Fix:One or more mimetype migrations are available. Occasionally new mimetypes are added to better handle certain file types. Migrating the mimetypes take a long time on larger instances so this is not done automatically during upgrades. Use the command occ maintenance:repair --include-expensive to perform the migrations.

run the following command to fix it:

sudo -u www-data /var/www/nc.example.com/occ maintenance:repair --include-expensive

Fix: You are currently running PHP 8.1.2-1ubuntu2.19. PHP 8.1 is now deprecated in Nextcloud 30. Nextcloud 31 may require at least PHP 8.2. Please upgrade to one of the officially supported PHP versions provided by the PHP Group as soon as possible.

I will not gonna fix this, if you want to fix, upgrade the php version to 8.2 or higher and reconfigure the previews steps.

Fix: Server has no maintenance window start time configured. This means resource intensive daily background jobs will also be executed during your main usage time.

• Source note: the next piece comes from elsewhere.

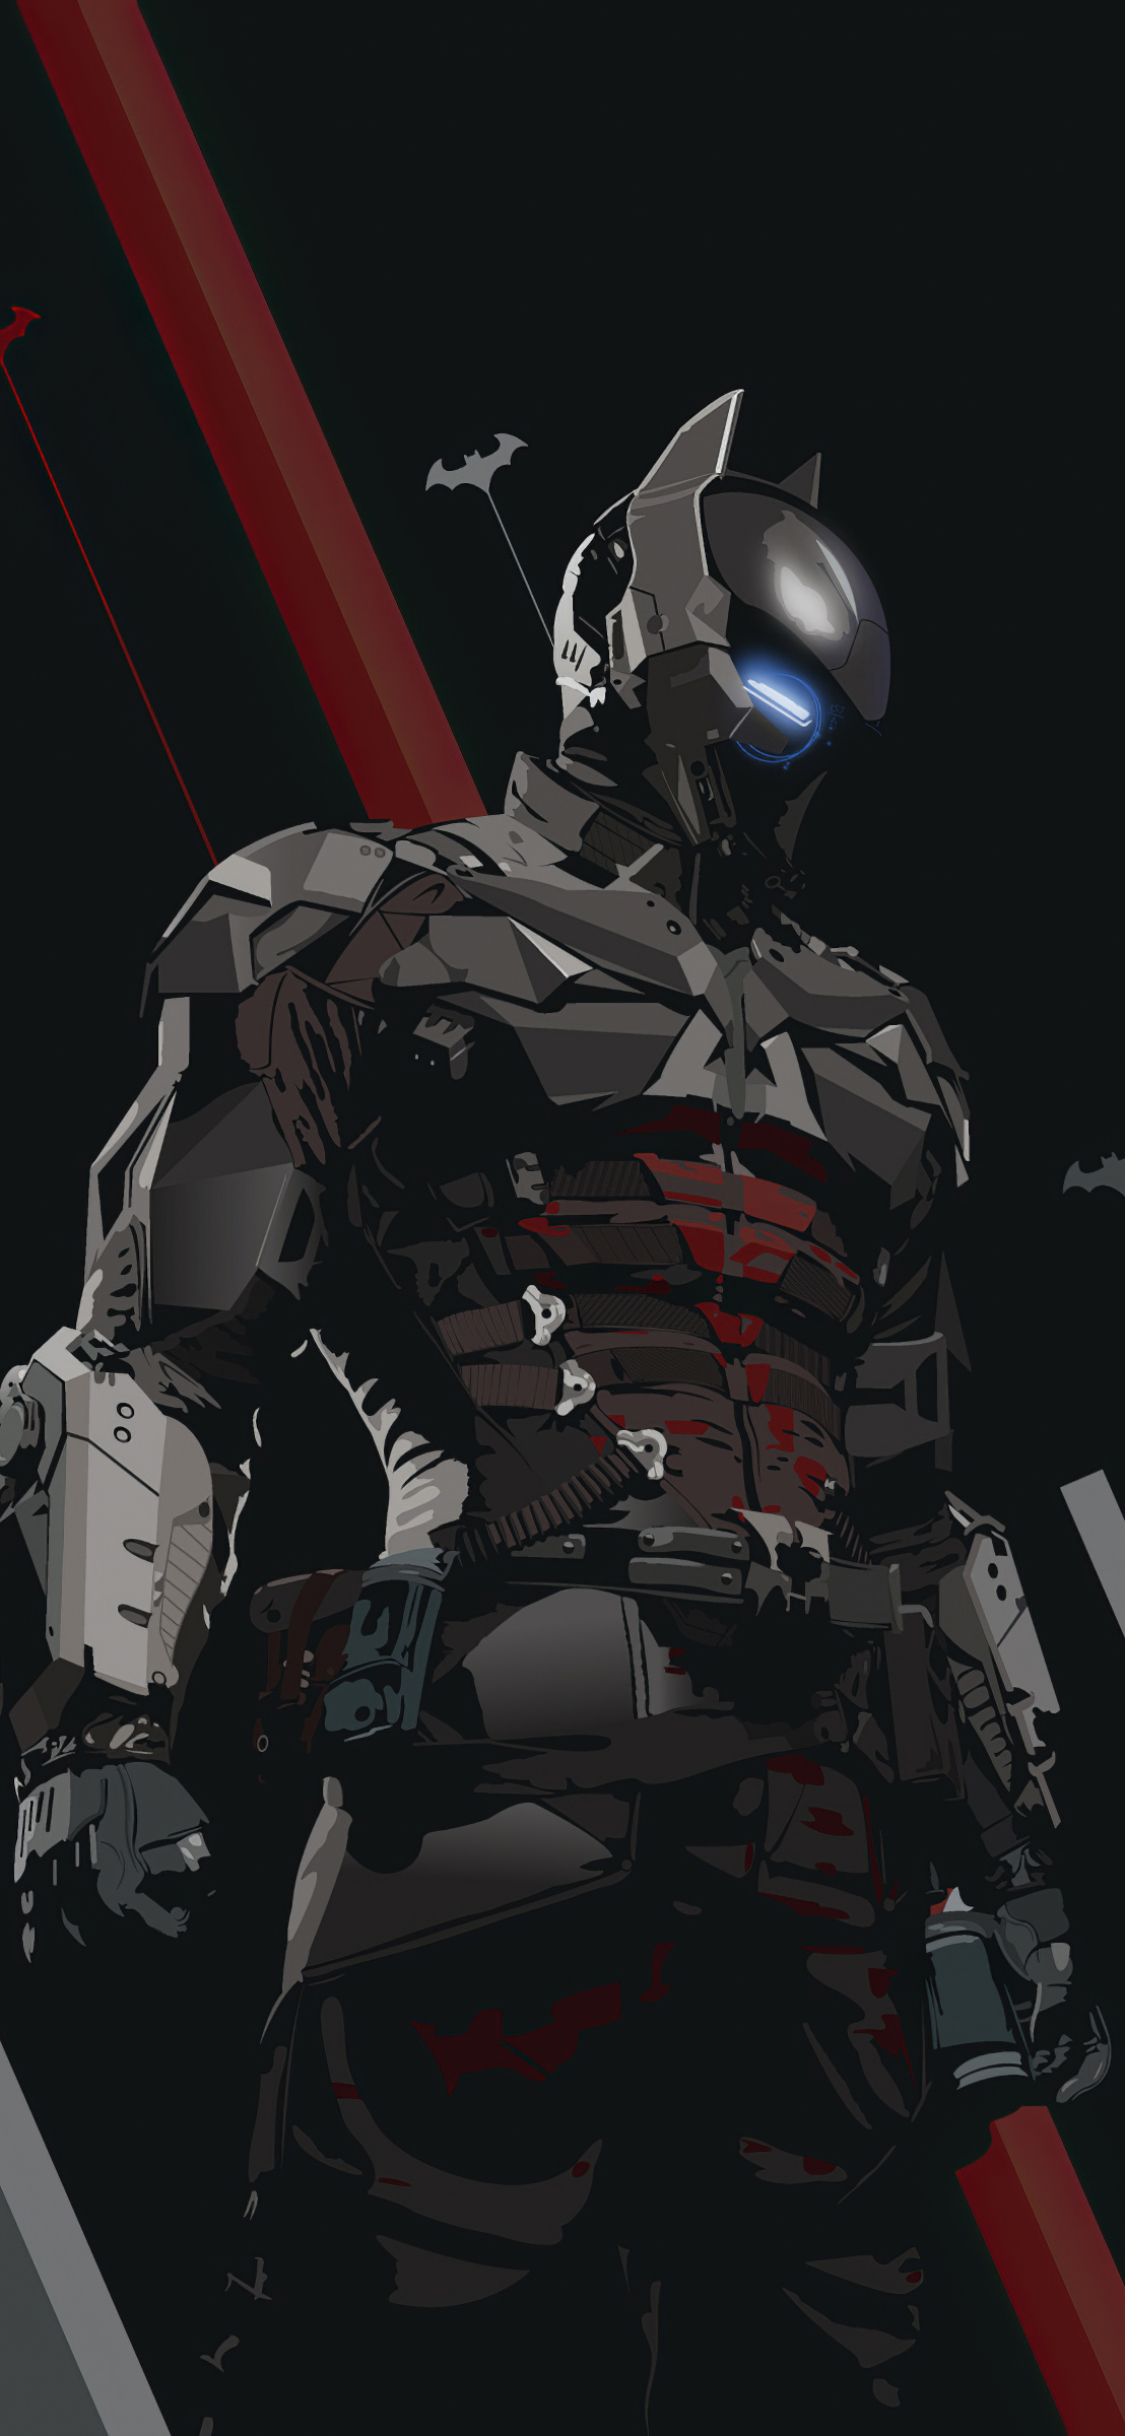 arkham knight (dc comics), batman, comics, dc comics

We recommend to set it to a time of low usage, so users are less impacted by the load caused from these heavy tasks.

No solution for now.

Install coturn and enable video calling from different IPs

1. install coturn:

   sudo apt install coturn
   sudo systemctl enable coturn
   sudo systemctl start coturn
   sudo systemctl status coturn
   

2. enable coturn by editing /etc/default/coturn

   sudo vim /etc/default/coturn
   

   uncomment or add TURNSERVER_ENABLED=1

3. Create Auth-Secret for static-auth-secret by runnig:

   openssl rand -hex 32
   

4. Back up /etc/turnserver.conf and edit new one as follow:

   sudo mv /etc/turnserver.conf /etc/turnserver.conf.original
   sudo vim /etc/turnserver.conf
   

   add following lines to it, replace YOUR_AUTH_SECRET with your static-auth-secret that created in previews step, replace nc.example.com with your own domain:

   listening-port=3478
   fingerprint
   use-auth-secret
   static-auth-secret=YOUR_AUTH_SECRET
   realm=nc.example.com
   total-quota=100
   bps-capacity=0
   stale-nonce=600
   no-multicast-peers
   

5. now we restart coturn and check it’s status to make sure everything is working:

   sudo systemctl restart coturn 
   sudo systemctl status coturn 
   

6. enable ufw firewall and open http, https, ssh, 3478 ports:

   sudo ufw enable
   sudo ufw allow http
   sudo ufw allow https
   sudo ufw allow ssh
   sudo ufw allow 3478
   sudo ufw status
   

   restart apache and coturn again by runnig:

   sudo systemctl restart coturn
   sudo systemctl restart apache2
   

7. Nevigate to you brwoser window, NextCloud -> User Icon -> Administration settings -> Talk, add new TURN server fill these parts and you will see success icon on right side like this: That is it, all set and done!